In Explosive Contractors, 46 FMSHRC 965 (Dec. 2024), I dissented and explained that Congress did not grant the Commission the authority to reopen final orders under section 105(a) of the Mine Act. The Commission’s repeated invocation of Federal Rule of Civil Procedure 60(b) cannot overcome the statutory language. However, in Belt Tech, I explained in my concurrence that “the Act clearly states that to become a final order of the Commission, the operator must have received the notification from the Secretary.” 46 FMSHRC 975 (citing Hancock Materials, Inc., 31 FMSHRC 537 (May 2009)). Taken together, these opinions stand for the proposition that the Commission may not reopen final orders under its statutory grant, but an operator may proceed if it has not properly received a proposed order.

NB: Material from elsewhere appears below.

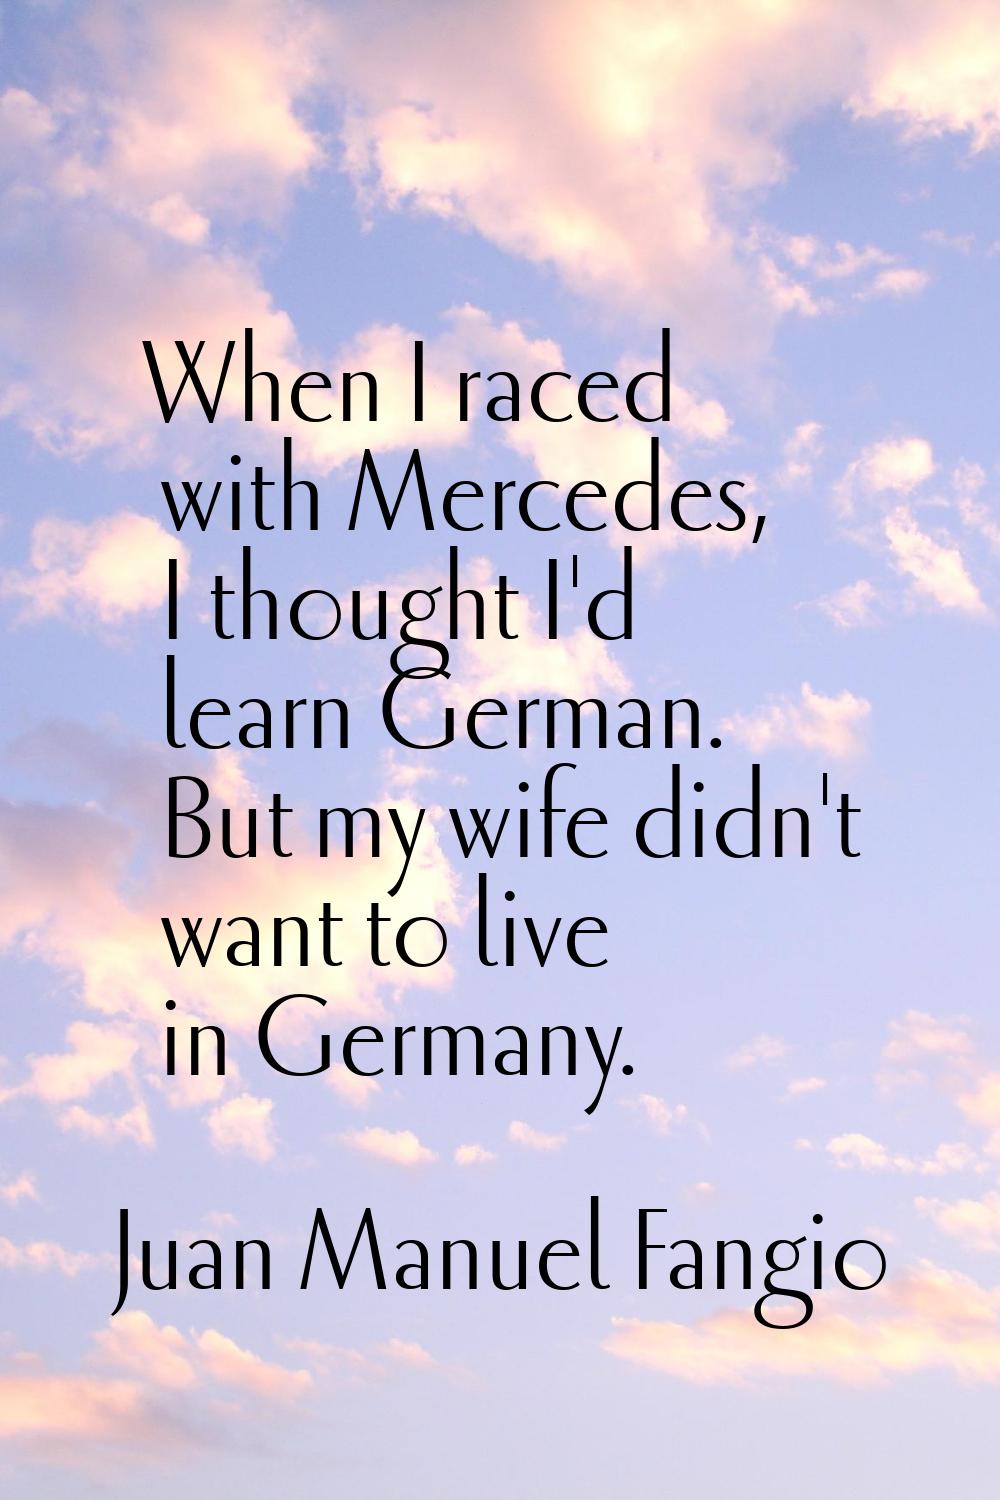 When I raced with Mercedes, I thought I'd learn German. But my wife didn't want to live in Germany.

In the instant case, as the Majority recounts, the Commission’s order became final under the language of section 105(a). The Majority, however, votes to reopen the case. The Mine Act has not granted us authority to reconsider final orders of the Commission as I set out more fully in Explosive Contractors. To the contrary, it has limited our authority to do so. Therefore, I respectfully dissent and would deny reopening.
/s/ Moshe Z. Marvit
Moshe Z. Marvit, Commissioner
Distribution:
James P. McHugh, Esq.
Christopher D. Pence, Esq.
Pence Law Firm PLLC
10 Hale Street, 4th Floor
P.O. Box 2548
Charleston, WV 25329-2548
jmchugh@pencefirm.com
cpence@pencefirm.com
Thomas A. Paige, Esq.
Deputy Associate Solicitor
US Department of Labor
Office of the Solicitor
Division of Mine Safety and Health
200 Constitution Avenue NW, Suite N4428
Washington, DC 20210
Paige.Thomas@dol.gov
Melanie Garris
US Department of Labor/MSHA
Office of Assessments, Room N3454
200 Constitution Ave NW
Washington, DC 20210
Garris.Melanie@DOL.GOV
Chief Administrative Law Judge Glynn F. Voisin
Office of the Chief Administrative Law Judge
Federal Mine Safety Health Review Commission
1331 Pennsylvania Avenue, NW Suite 520N
Washington, DC 20004-1710
GVoisin@fmshrc.gov
[1] The Secretary moves that the Commission amend the caption in this case to remove “A.C. No. 46-09569-544722,” because there is no associated penalty assessed for Order No. 9590373. Therefore, the A.C. Number is not applicable here. In light of the facts presented, the Secretary’s motion is granted.
[2] The ALJ has stayed the proceedings in Docket No. WEVA 2024-0200 pending resolution of the operator’s motion to reopen in the present docket. See ALJ Order Staying Proceedings of June 14, 2024, WEVA 2024-0200.